1:3 OBJECTIVES OF THE STUDY
The objectives of this study is as follows
1. To examine how feasibility study affect loan repayment in the banking industry.
2. To highlight the extent in which diversion of bank loans to unprofitable ventures affect loan repayment.
3. To examine how distribution of loans affect banks performance if banks give proper attention.
1.4 RESEARCH QUESTIONS
Bank lending is said to be effective if it successfully achieves the banker‟s obligation of maximum liquidity to the depositors. The questions here are
1. To what extent does feasibility study affect loan repayment in the banking industry?
2. To what extent does diversion of bank loans to unprofitable venture affect loan repayment?
3. Does distribution of loans have effect on banks performance if given proper attention?
1.5 STATEMENT OF HYPOTHESES
A reputable credit management system enhances good control on lending and proper keeping of credit account.
HYPOTHESES 1
Ho. Inadequate feasibility study does not affect loan repayment in banking industry. Hi. Inadequate feasibility study affects loan repayment in banking industry.
HYPOTHESES 2
Ho. The diversion of bank loans to unprofitably ventures does not affect loan repayment. Hi. The diversion of bank loans to unprofitably ventures affects loan repayment.
HYPOTHESES 3
Ho. The problem of poor attention given to distribution of loans does not have effect on banks performance.
Hi. The problem of poor attention given to distribution of loans has effect on banks performance.
16. SCOPE OF THE STUDY
This study is aimed at analysing the credit management in the banking industry in Nigeria with a particular reference to First Bank of Nigeria plc. The study intends to analyse the credit facilities in banking industry. It also reviews the various concepts procedures for efficient and effective credit management. It examines the success and failure (if any) as well as recommending corrective measure.
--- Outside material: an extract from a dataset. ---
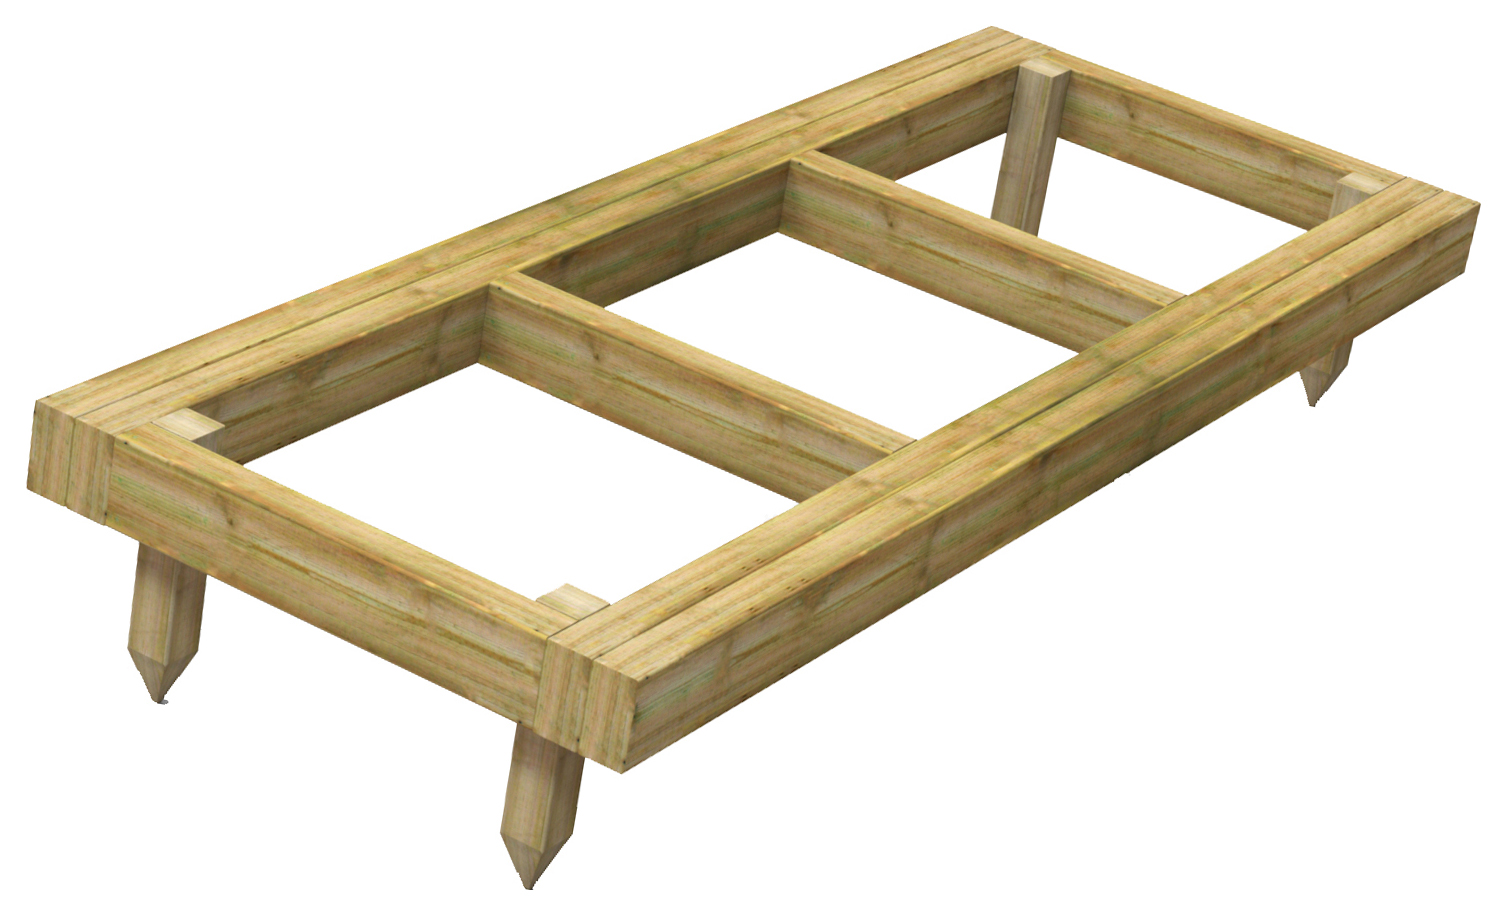 Power Sheds Pressure Treated Garden Building Base Kit - 2 x 6ft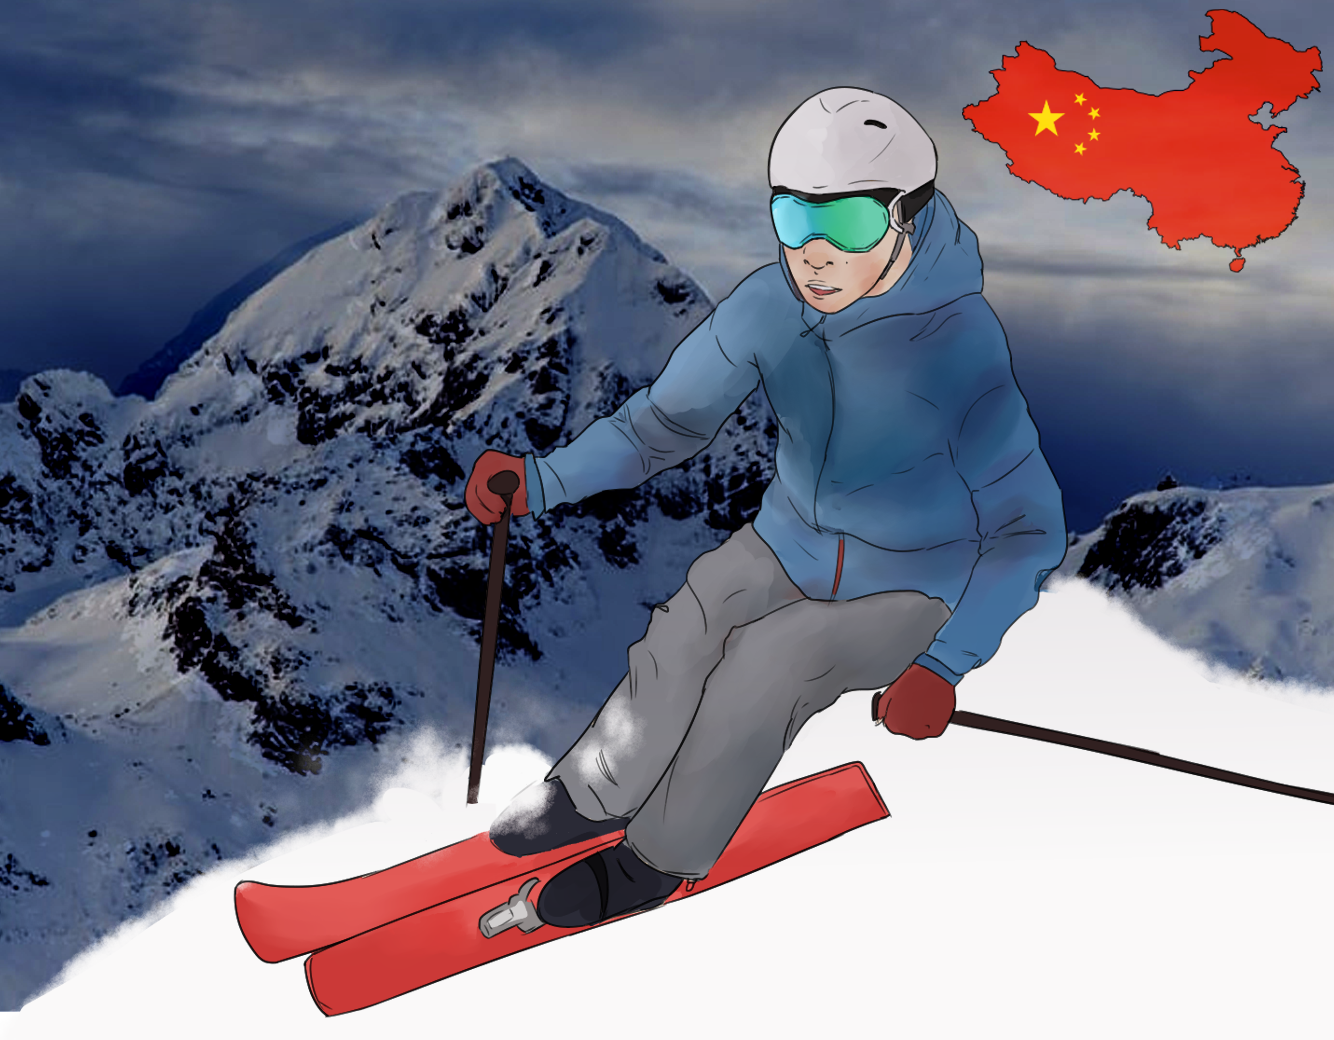 Animated Olympic skier on snow in backdrop of snowy mountains and a red map of China in the upper right corner.

1.7 SIGNIFICANCE OF THE STUDY
This study will be useful to the executive and managers in the banking industry and other financial institutions. This is because it provides guidance which will enhance effect and efficient credit management aimed at attaining and boosting maximum profitability and liquidity in their banks. The depositor (public) on the other hand will be more enlightened on the need to be honest and fulfil the responsibilities in credit transaction with the banks so that they can look up to improve service from the banks. Finally to the researcher, this is an eye opener because as a potential manager it will guide one in future on how to manage credit facilities.
1.8 DEFINATION OF TERMS
Below are the major terms used in the course of this research work.
1) BANKRUPTCY: A state where a person or firm is unable to meet their financial obligations.
2) MANAGEMENT: management is the study of decision-makers from the supervisor and line managers at lower levels to the Board of Directors.
3) LOANS AND ADVANCES: These are credit facilities granted by banks to their customers. They could be short, medium or long term depending on the length of period of repayment
4) OVERDRAFT: A credit facility (usually short term) granted by banks to current account holders and it carries interest charges on daily basis
5) BANK: Section 61 of BOFIA 1991 Act defines a banking business as business of receiving deposits on current account or other similar account paying or collecting cheques drawn by or paid in by customers.
6) CUSTOMER: A person is a customer if he or she has account with the bank.
7) FINANCIAL RATIO: These are ratios usually expressed in mathematical terms to test the financial obligations.
8) FINANACIAL STATEMENT: They are firm balance sheets, profit and loss account and classified statement which show the financial state of affairs of the firm.
9) GUARANTOR: A person or group of persons who stand for bank customers for credit facilities.
10) COLLATERAL/ SECURITIES: is an asset presented by a customer to his bank to secure a credit facility granted to him by the bank.